- Instructions for the task: Make an exact copy, from the records below, of the lines from the line containing "可愛い日常系トランペット、スイングの再生済みの波形" to the line containing "girl topless in car", both lines included, excluding pictures.

Top of Task material

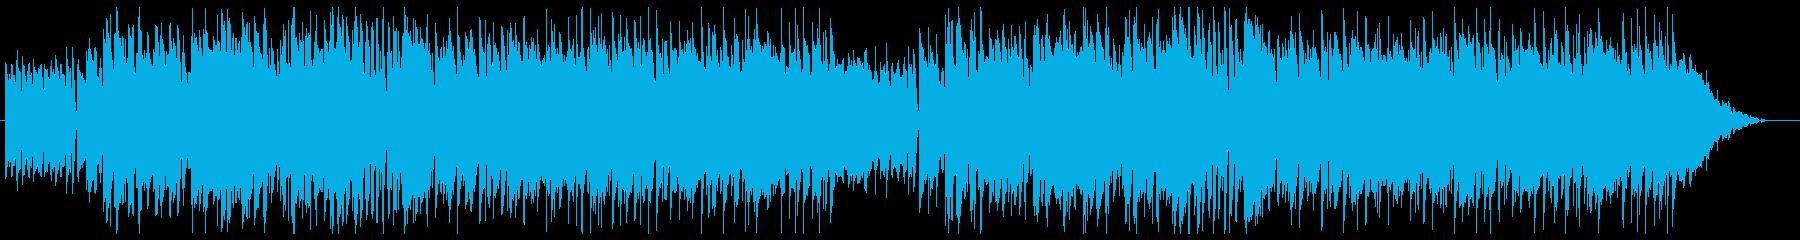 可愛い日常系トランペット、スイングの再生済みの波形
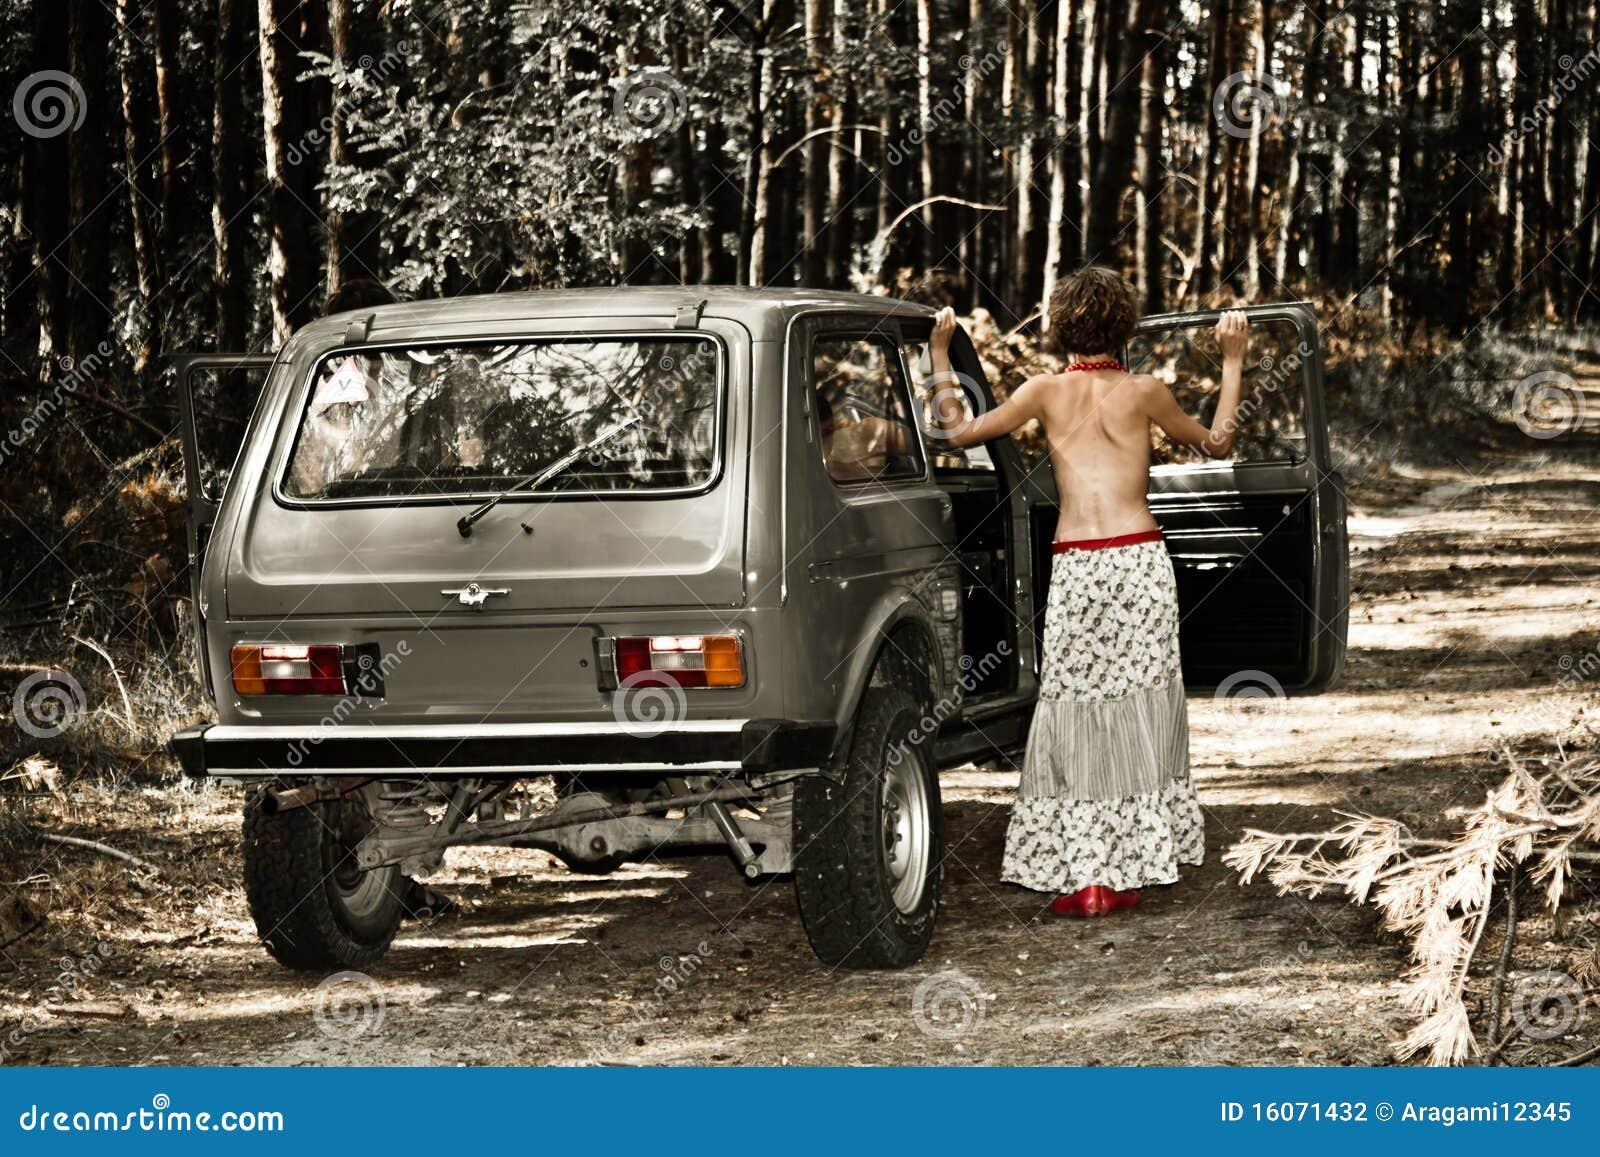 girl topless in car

Bottom of Task material
Top of Task material

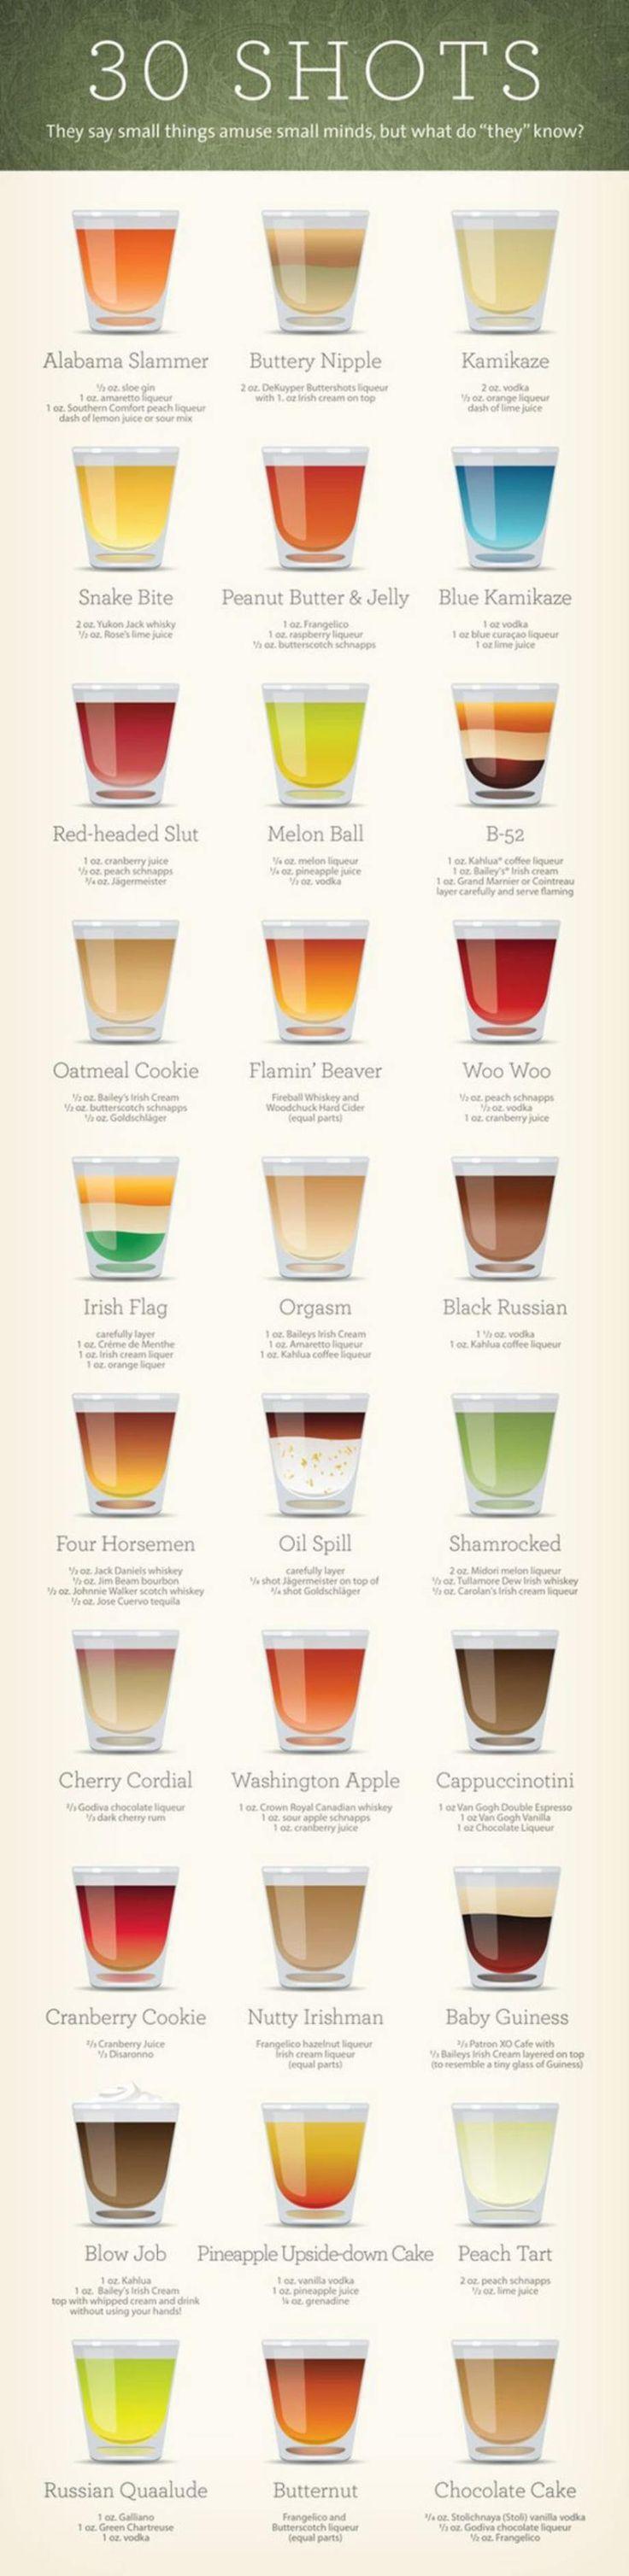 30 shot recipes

Bottom of Task material

- Reply:
 可愛い日常系トランペット、スイングの再生済みの波形
 girl topless in car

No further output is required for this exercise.